Today is cold, but not slick and wet, so I intend to work loose leash outside of the fence with Emma for her lunch.  For breakfast we worked on Target and "metal bowls are not scary" again.  She won't put her nose in it yet, nor get near it to get kibble, but she's not skulking away when she sees the bowl any longer.  To aid her in not being afraid of the bowl I leave it in the middle of the living room when we are not using it and will over time start dropping high value treats in it all the dogs can have.  I may, for a bit, use it as a distance item also to have her go around it and really make it a nothing item in her world.

Since dropping the bowl scared her so badly, I am now sliding it a bit on the floor and tossing her treats and banging it softly and tossing her treats too.  I also drop items, on purpose, a distance from her and then toss her treats.  She'll be a full puppy, but hopefully the "sky is falling" reaction she's had to the bowl dropping or other loud sounds in the house will fade and she'll accept falling items in the house as part of everyday life.

I'll spend the rest of the winter and early spring working on getting her closer to the children at the bus stop without barking and then work on her Levels behaviors while strange children she's not met are nearby.  When the weather is much better I'll start taking her to outside of playgrounds while school is in session and work on her watching without reacting while children play.

Today's Lessons:


Emma is working on Level 2: Step 4 Target.  I took a break from Target when Emma decided the goal of the game was to lay before me and watch me intently.  I had to think how I was going to change that behavior and encourage her to target a post it note on a wall or other object.  Today we revisited the lesson with a brighter colored piece of duct tape stuck to my end table and Max nearby ready to demonstrate the goal of the lesson.

Once again Emma was curious about the tape, but didn't really get the idea to touch it.  I clicked for her looking at the end table and eventually looking at the tape, but she wasn't moving her body to touch the tape.  I asked Max to touch and he got up from his Mat, came over and touched the tape.  That seemed to start the forward progression I wanted.

Emma would still lay down and stare at me and ignore the end table or tape, so I would either stare at the tape or turn away from her until she got impatient and moved.  Anytime she looked at the tape I would click and eventually hold off the click until she got up and pointed to it with her nose.

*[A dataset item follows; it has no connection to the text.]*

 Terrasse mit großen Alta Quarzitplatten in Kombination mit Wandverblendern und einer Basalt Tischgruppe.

In the end she got the idea we were working on her touching the tape and did very well, but she still tends to stop and lay before me.  I will continue working on this in the one location until she's targeting the tape without thinking about it and then move it to a new location in the house.  Once we have that concept solid I will move toward her closing a cabinet door.

Lazy Leash

Emma is working on Level 2: Step 2 of Lazy Leash.  In this step Emma is asked to stand for a few seconds beside me with a loose leash and then take a few steps with me on a loose leash.  Emma has been doing well on this step, but not in higher distraction levels, such as going outside.  Today I planned on taking her outside to work on this step, which she has mastered in my house.

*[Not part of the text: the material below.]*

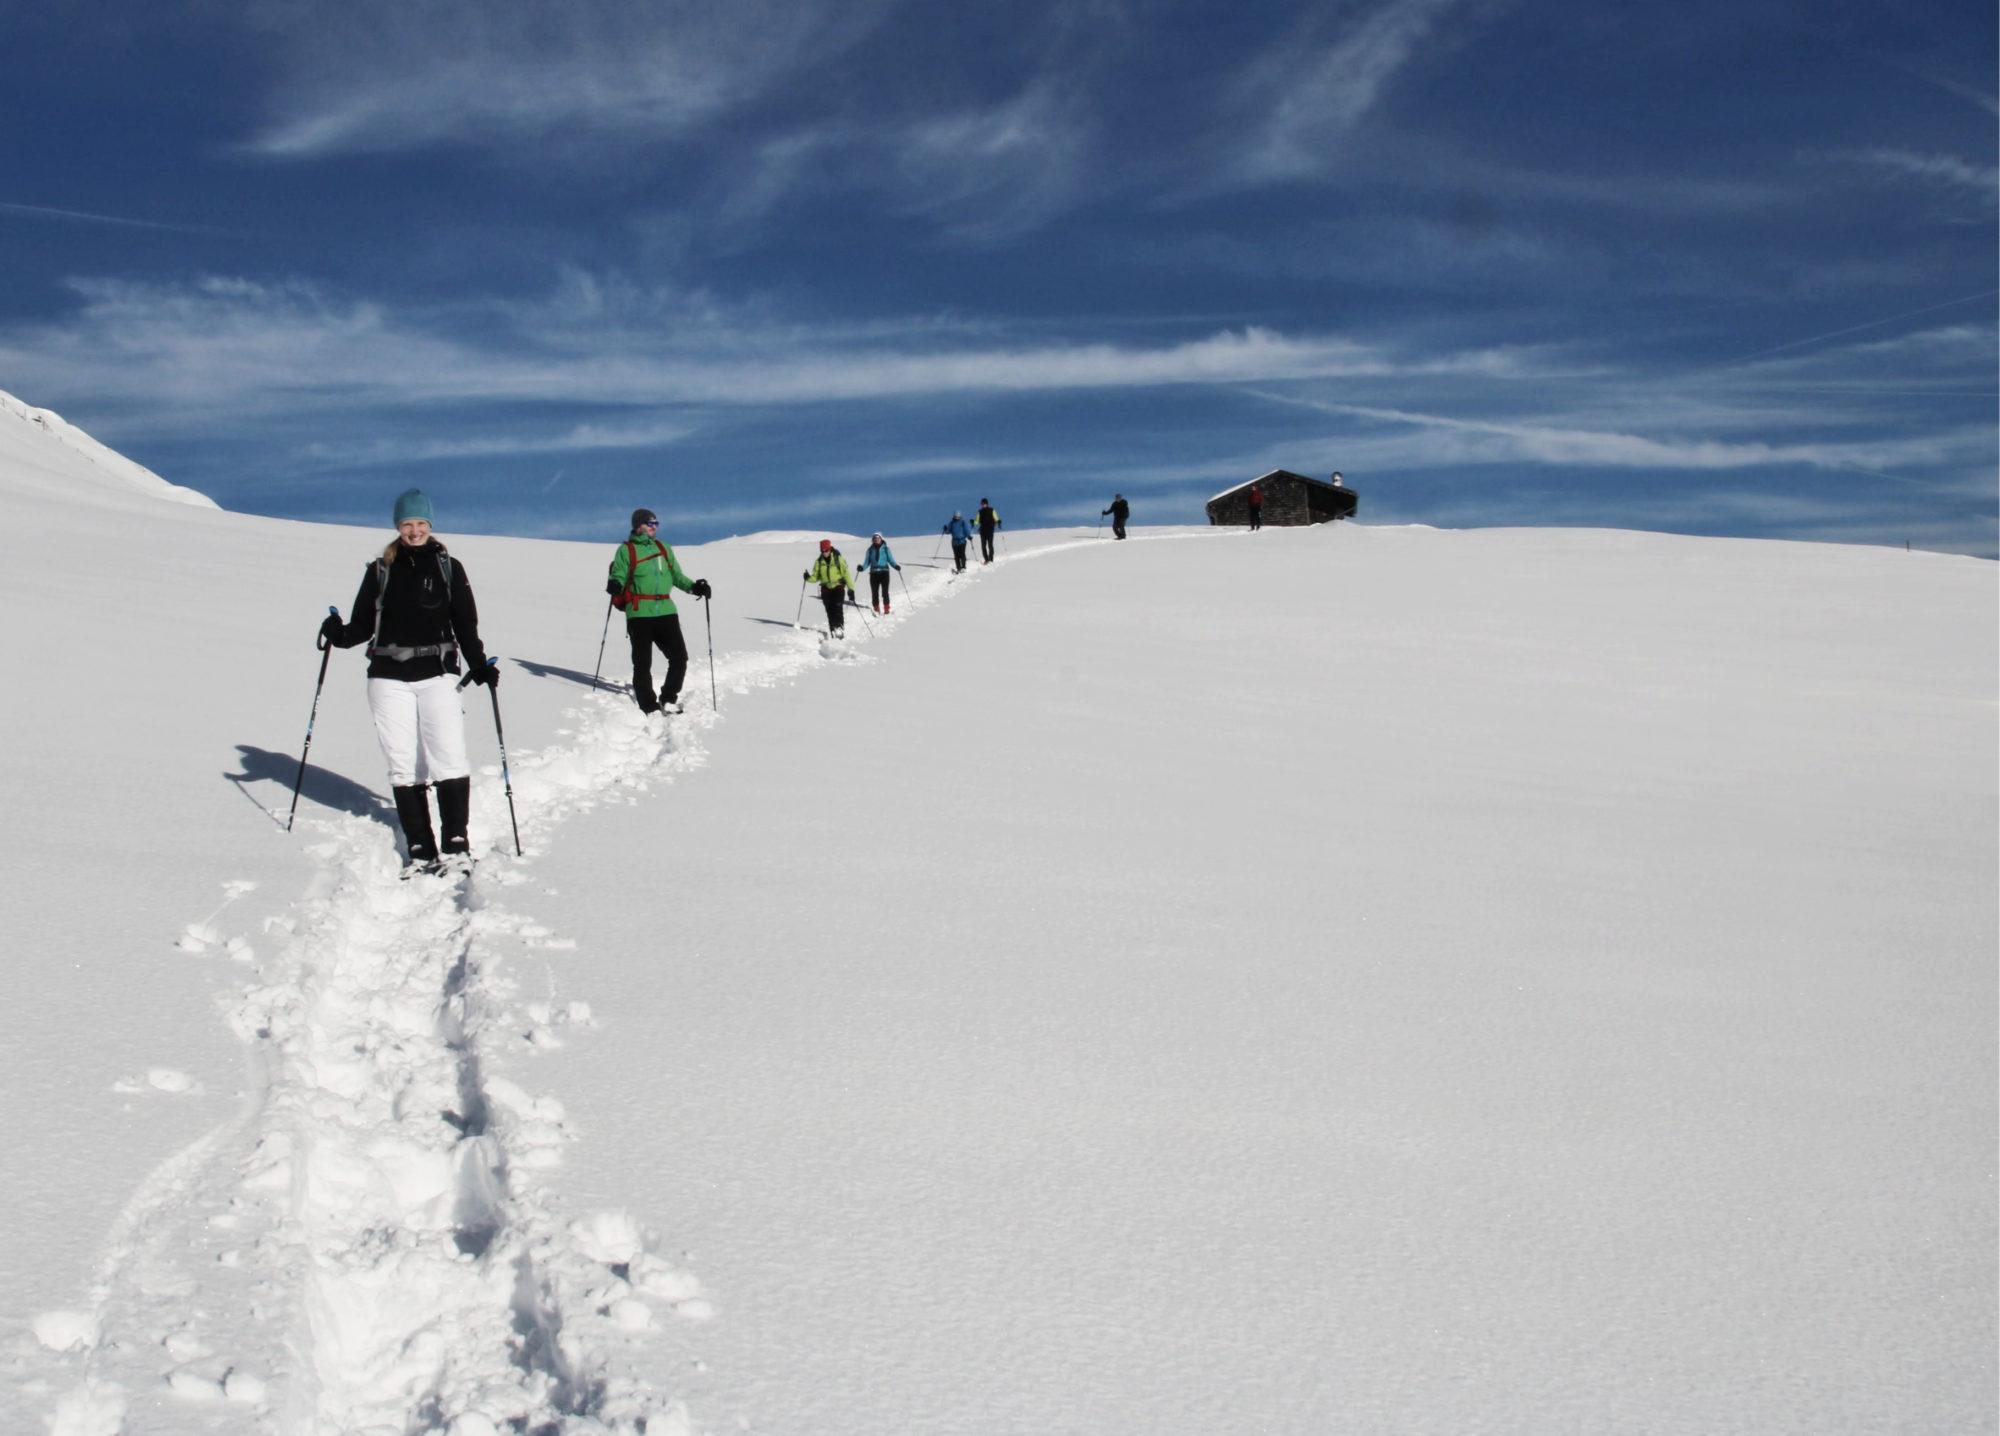 Genießen der letzten Sonnenstrahlen und Wanderschritte beim Schneeschuhwandern

Once we got outside Emma was in full distraction mode.  She couldn't focus enough to eat a treat and was too busy trying to explore her environment to actually focus on the training.  Since I know she can walk through Petsmart and in my living room on a loose lead, I know it's time to work with her in the outside world to learn the lesson applies there also.

It's a cold day and without the support of Max or the cane I found I was in too much pain to work more than a couple of minutes with her.  She was unable to focus and learn and I was unable to bend and get her attention.  I will have to find a location where she can focus and begin practicing this lesson outside.

I believe a good spot to try again today will be at Diamonds in the Ruff while waiting to go into class and upon entering class.  I will update with how that second session progressed.

Prep Class

When we arrived at Diamonds in the Ruff Emma she completely surprised me by walking loose lead to the potty area behind the building and the returning and entering class completely on loose lead.  This all broke down when the German Shepherd across the room broke out in excited barking and lunged on it's lead, but I was very pleased with her ability to walk loose lead around the building.

Her previous class had been very small and there had been a lot of extra space between each dog while class was held.  This class is full near past capacity and each dog was nearly on top of each other during class.  Carol, the owner and instructor, directed which dog was to sit where to prevent any fights and thus Emma and I were placed between a tiny Rough Fox Terrier cross and one of Emma's cousins!

When Emma was with the breeder she had been the last of her liter who hadn't been purchased.  Her breeder included her into the liter she was raising, who was four weeks younger than Emma, and thus Emma lived with Pepper from 10 weeks to 14 weeks of age.  Pepper is bigger than Emma and very bonded with her handler.  What a lovely pup!

Emma was completely distracted and couldn't focus enough to learn anything in class.  She was busy trying to visit with the people next to us or the dogs.  She would give me brief boughts of focus and then turn her back and watch the world around us.  With 9 dogs in the room, I was not terribly surprised by her sudden breakdown in focus.  This was he busiest environment she's been in to date with me and I am simply boring.

My treat value was not good enough either.  Though hungry and at first willing to work for kibble and soft treats, she quickly lost interest.  Instead she was poking her nose in other dogs faces and putting her feet on other people and basically pulling on the lead as much as she could.

She went into "bucky dog" several times also.  It's like having a wild horse on the end of the lead as she rears up, bucks and fights against the lead before sitting and keeping the lead taunt between her and I and just giving me the "I'm not talking to you" stance.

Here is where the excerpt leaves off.